DATA BELOW:
◆ ◆ ◆ ◆

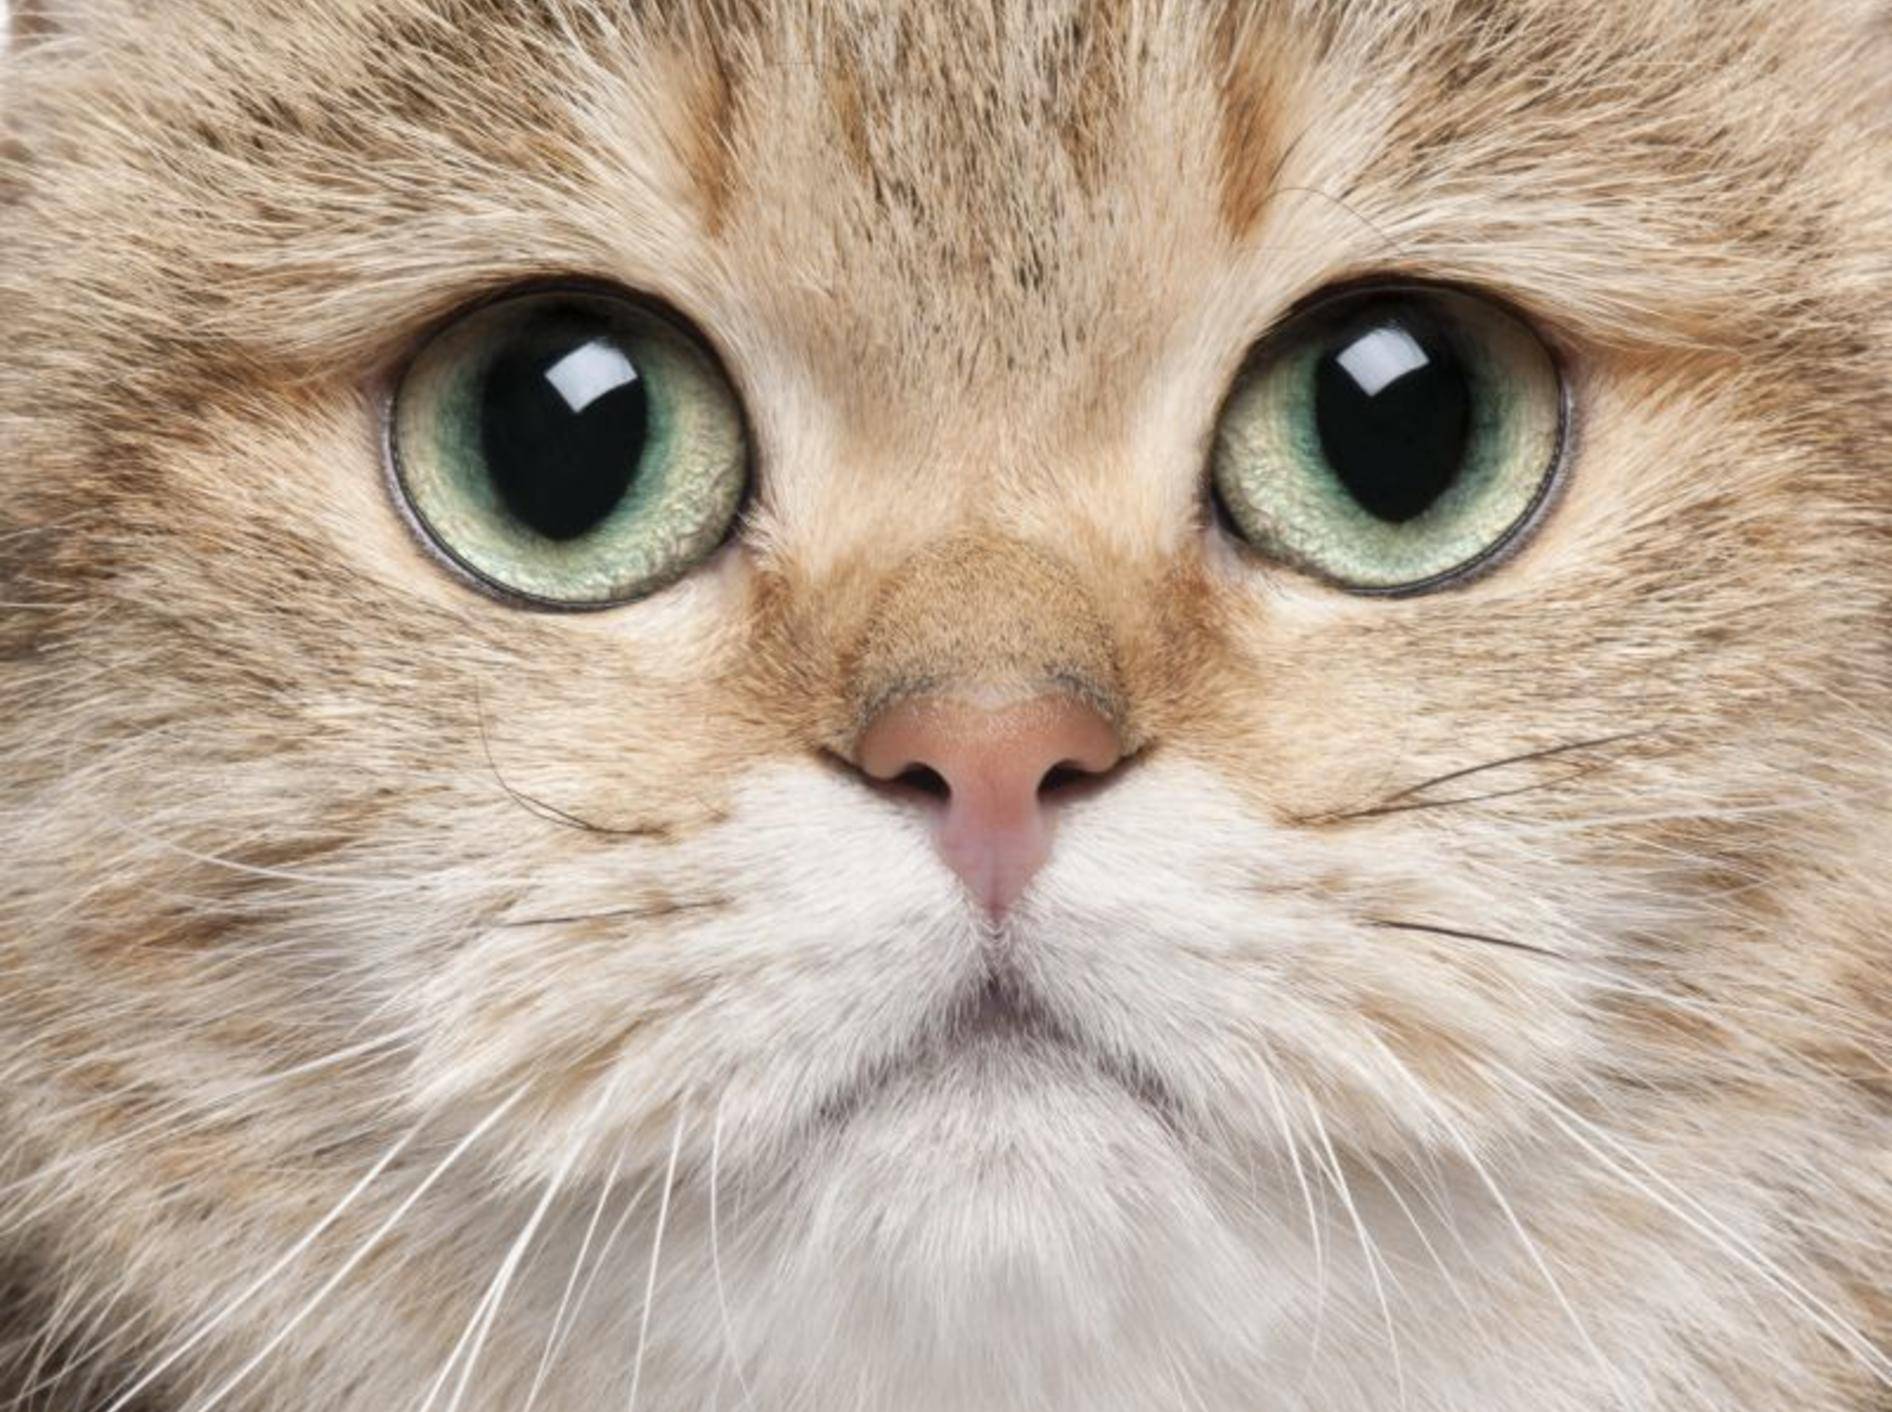 Katzenaugen pflegen: Worauf Sie achten sollten
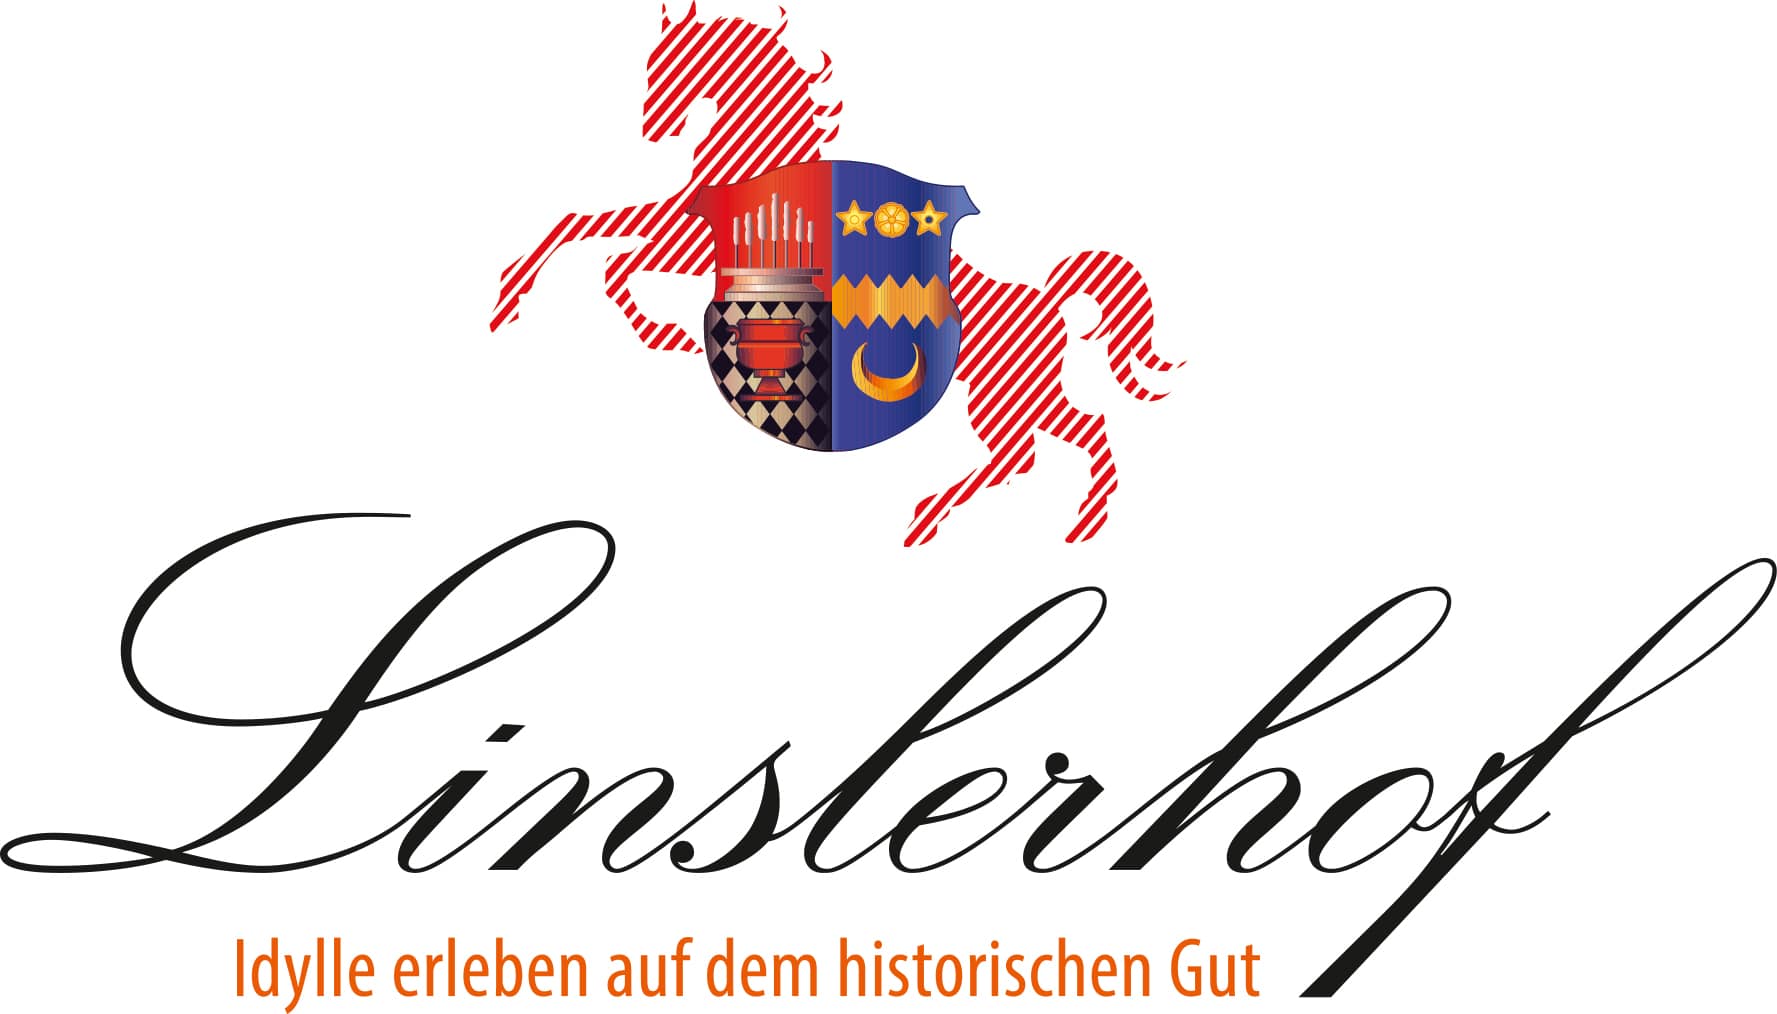 Der Linslerhof – Hotel, Restaurant, Events & Natur
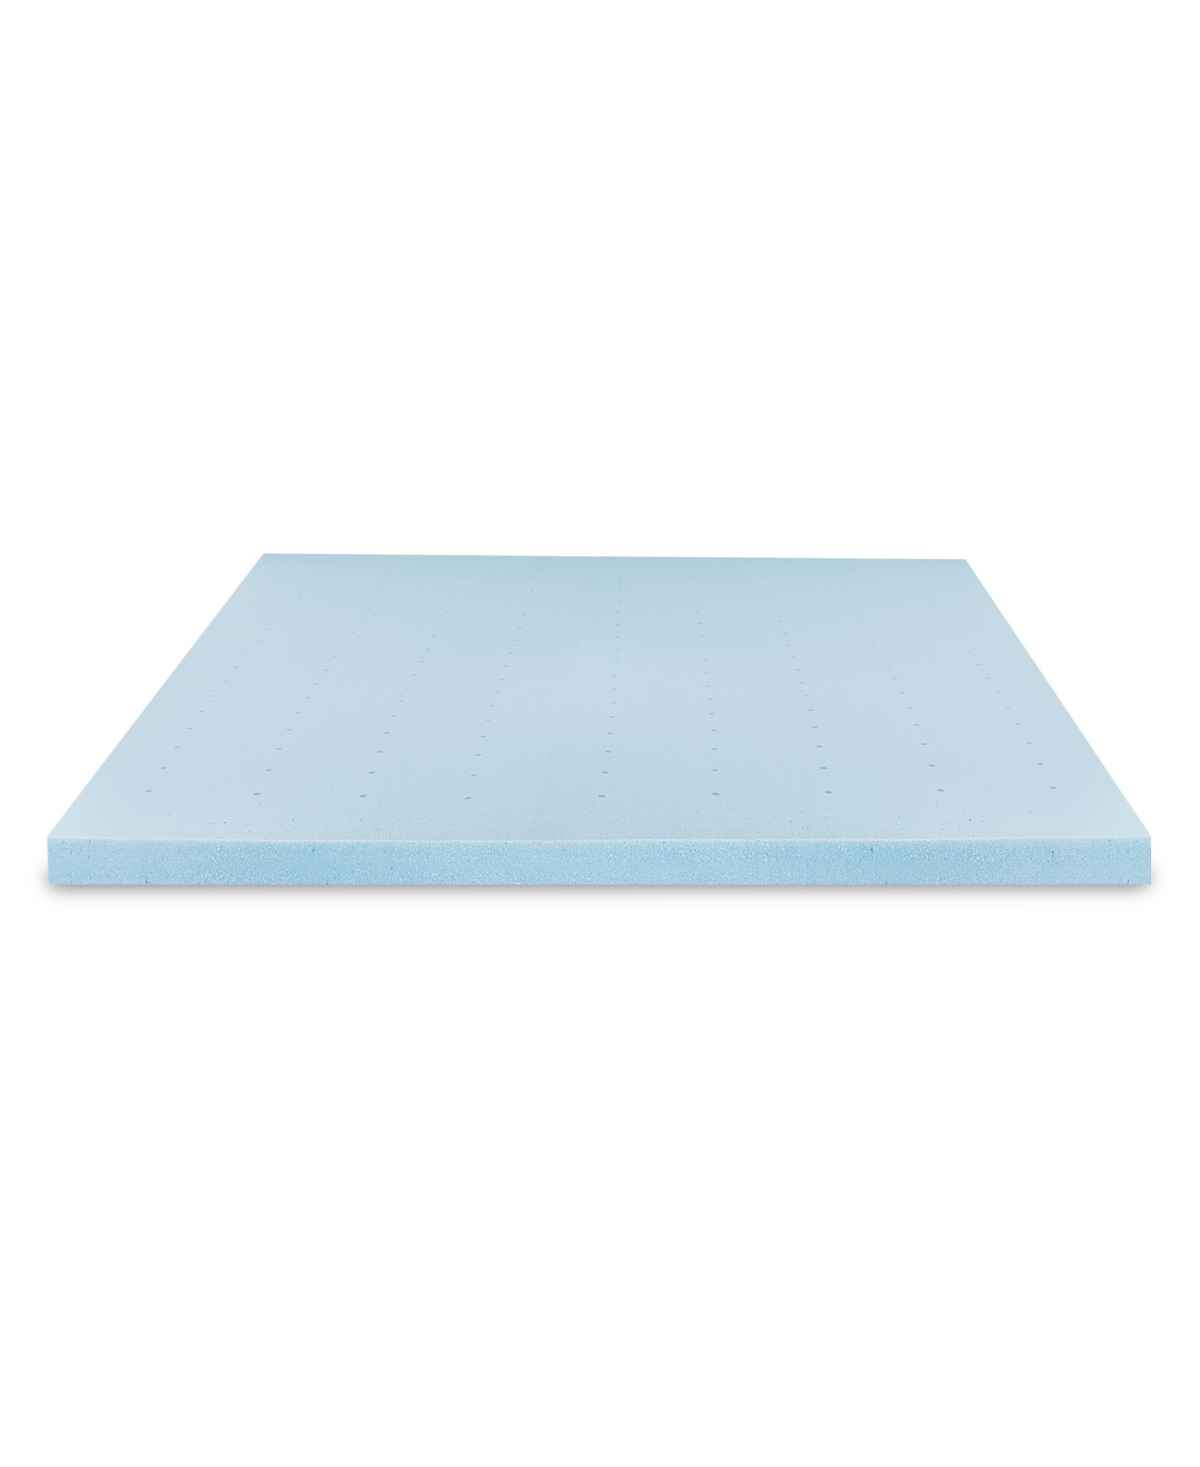 Prosleep Gel-infused 3" Memory Foam Mattress Topper, Full In Blue
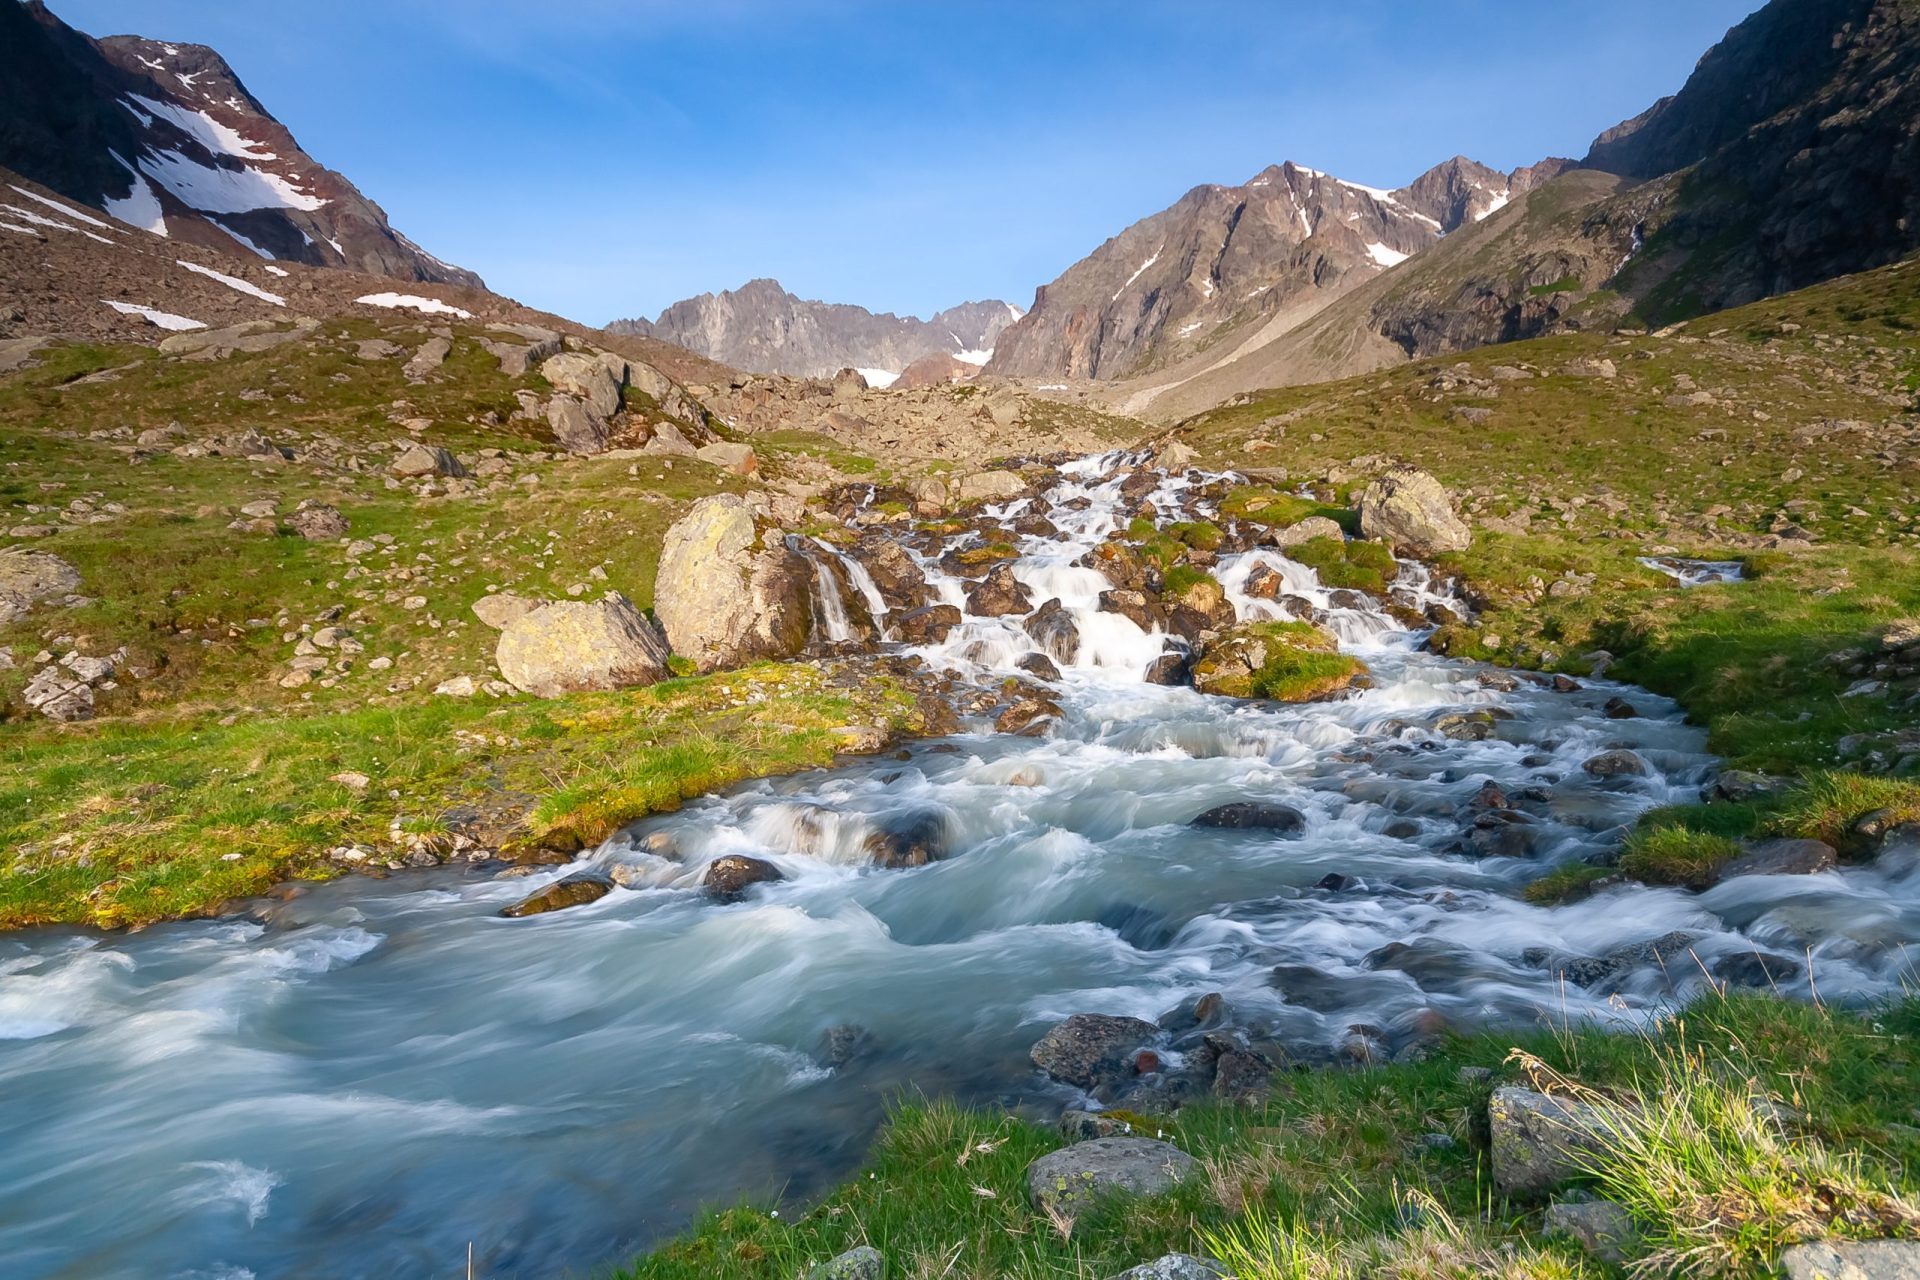 Ruisseau frais dans la rivière provenant des glaciers de la vallée près de Neue Regensburger huette, Alpes tyroliennes de Stubai, Autriche

◆ ◆ ◆ ◆

ACTION ITEM: Pictures aside, repeat every line of the data above exactly.

RESPONSE FOR THIS EXERCISE:
 Katzenaugen pflegen: Worauf Sie achten sollten
 Der Linslerhof – Hotel, Restaurant, Events & Natur
 Prosleep Gel-infused 3" Memory Foam Mattress Topper, Full In Blue
 Ruisseau frais dans la rivière provenant des glaciers de la vallée près de Neue Regensburger huette, Alpes tyroliennes de Stubai, Autriche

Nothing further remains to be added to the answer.